Deep learning for patent landscaping using transformer and graph embedding

https://doi.org/10.1016/j.techfore.2021.121413Get rights and content

Highlights

  • This paper suggests a deep patent landscaping model that utilizes transformer and Diff2Vec structures to handle the classification problem in patent landscaping.

  • This paper proposes a new benchmarking dataset for automated patent landscaping and conducts a practical investigation on the subject.

  • The suggested approach outperforms previous methods in terms of overall classification performance in patent landscaping.

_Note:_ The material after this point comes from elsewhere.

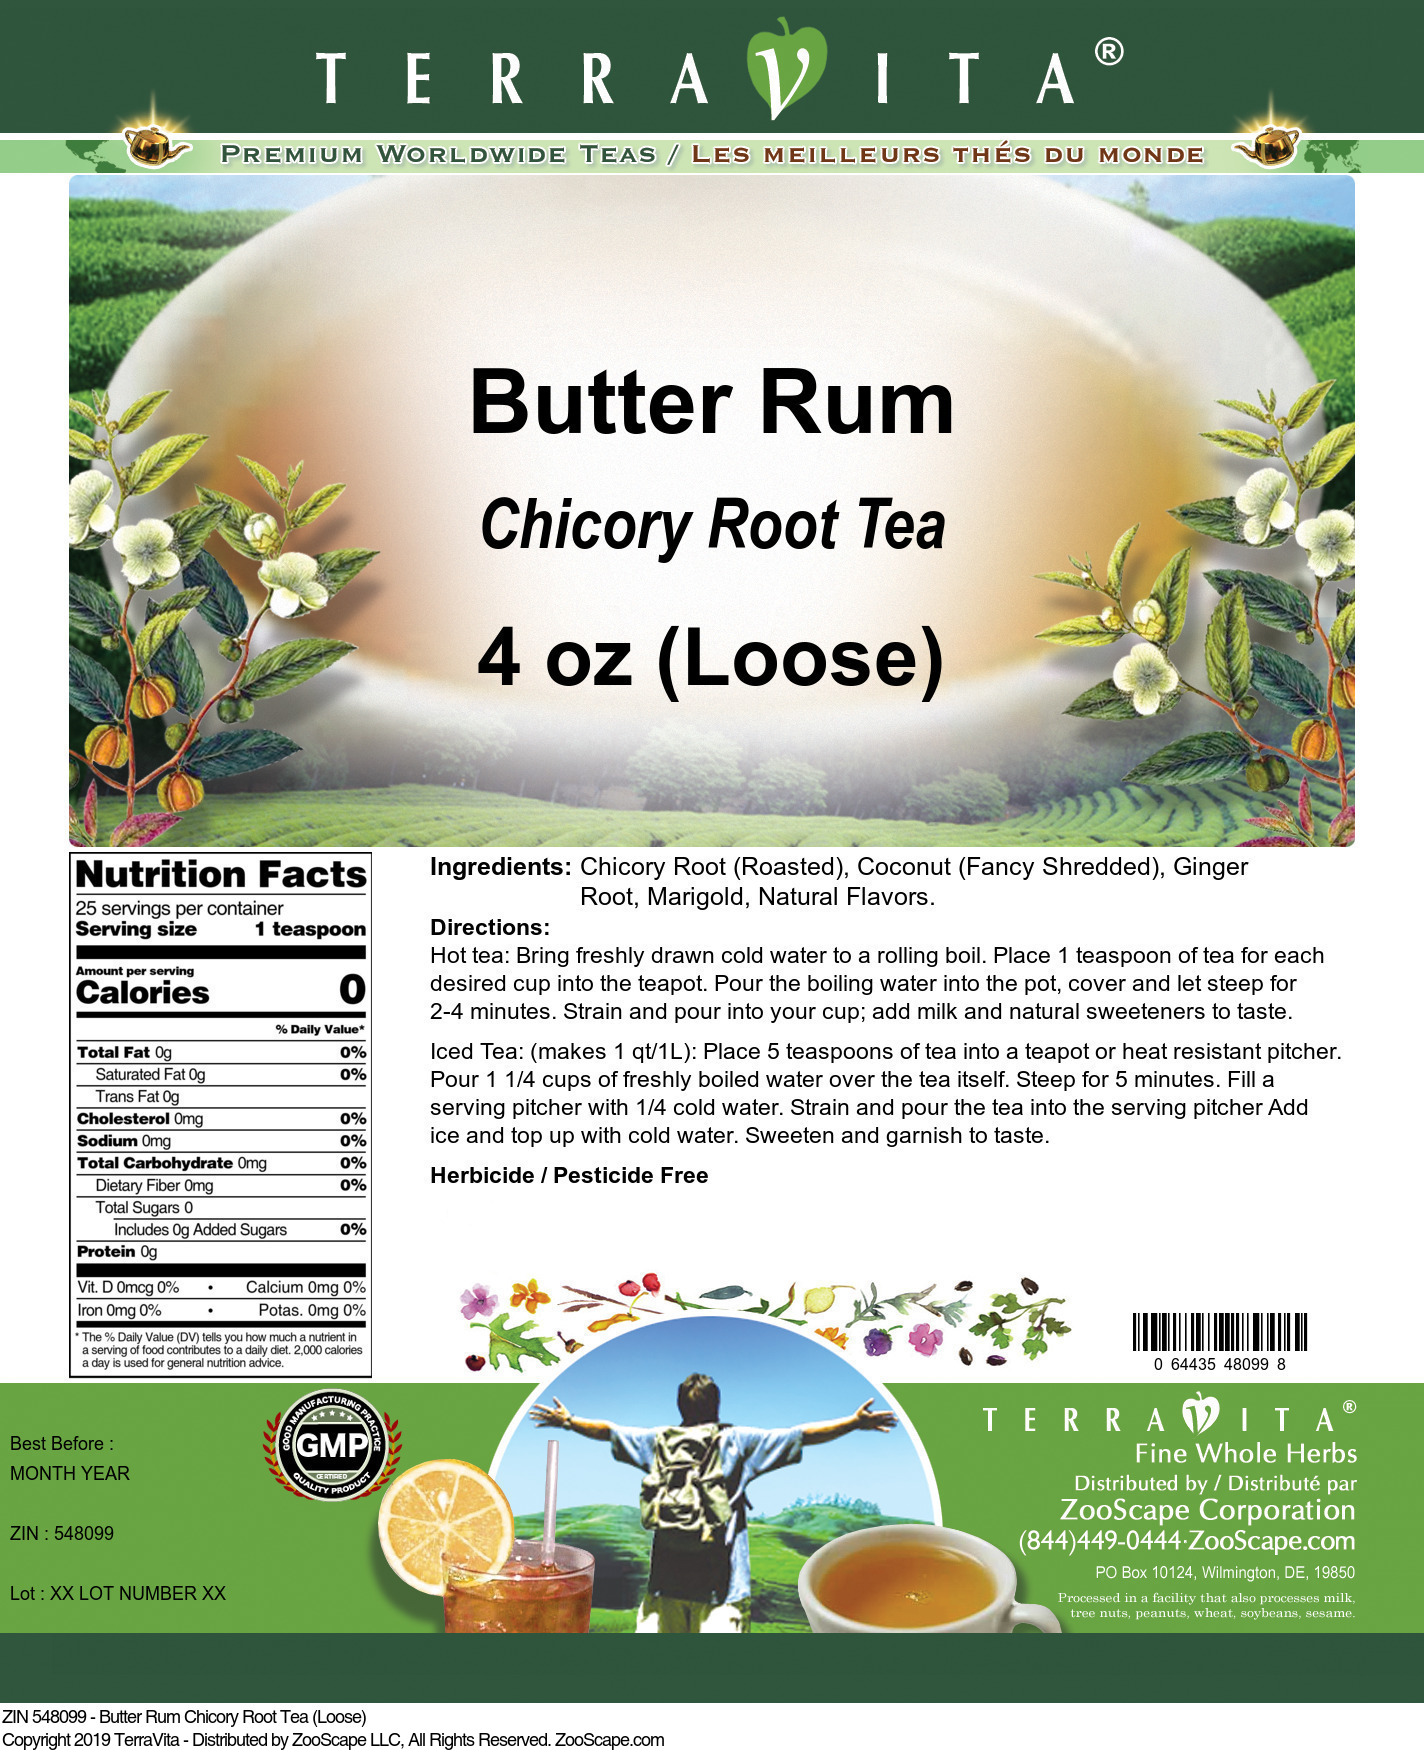 Butter Rum Chicory Root Tea (Loose) - Label

  • This paper conducts an experimental investigation into the effect of technical codes and text data on patent categorization models.

Abstract

Patent landscaping is used to search for related patents during research and development projects. Patent landscaping is a crucial task required during the early stages of an R & D project to avoid the risk of patent infringement and to follow current trends in technology. The first task of patent landscaping is to extract the target patent for analysis from a patent database. Because patent classification for patent landscaping requires advanced human resources and can be tedious, the demand for automated patent classification has gradually increased. However, a shortage of well-defined benchmark datasets and comparable models makes it difficult to find related research studies. This paper proposes an automated patent classification model for patent landscaping based on transformer and graph embedding, both of which are drawn from deep learning. The proposed model uses a transformer architecture to derive text embedding from patent abstracts and uses a graph neural network to derive graph embedding from classification code co-occurrence information and concatenates them. Furthermore, we introduce four benchmark datasets to compare related research studies on patent landscaping. The obtained results showed prominent performance that was actually applicable to our dataset and comparable to the model using BERT, which has recently shown the best performance.

Introduction

A patent is significantly deliverable in research and development (R & D) projects. In addition to protecting an assignee’s legal rights, patents represent current trends in technology. To study technological trends and identify potential patent infringements, most R & D projects include patent landscaping, which involves collecting and analyzing patent documents related to a specific project  (Abood, Feltenberger, 2018, Bubela, Gold, Graff, Cahoy, Nicol, Castle, 2013, Bubela, Gold, Graff, Cahoy, Nicol, Castle, 2013, Wittenburg, Pekhteryev, 2015). The first step in patent landscaping is patent classification, which involves extracting patent database documents relating to the target technology for analysis. In general, patent classification for patent landscaping is a human-centric, tedious, and expensive process (Abood, Feltenberger, 2018, Trippe, 2015). Researchers and patent attorneys query related patents in large patent databases (by creating keyword candidates), eliminating unrelated patent documents, and extracting only target patent documents related to their project (Wittenburg, Pekhteryev, 2015, Yang, Akers, Yang, Klose, Pavlek). However, because the participants in the process must be familiar with the scientific and technical domains, such procedures are costly. Furthermore, the patent classification task must be repeated regularly (weekly or monthly) during a project to search for newly published patents.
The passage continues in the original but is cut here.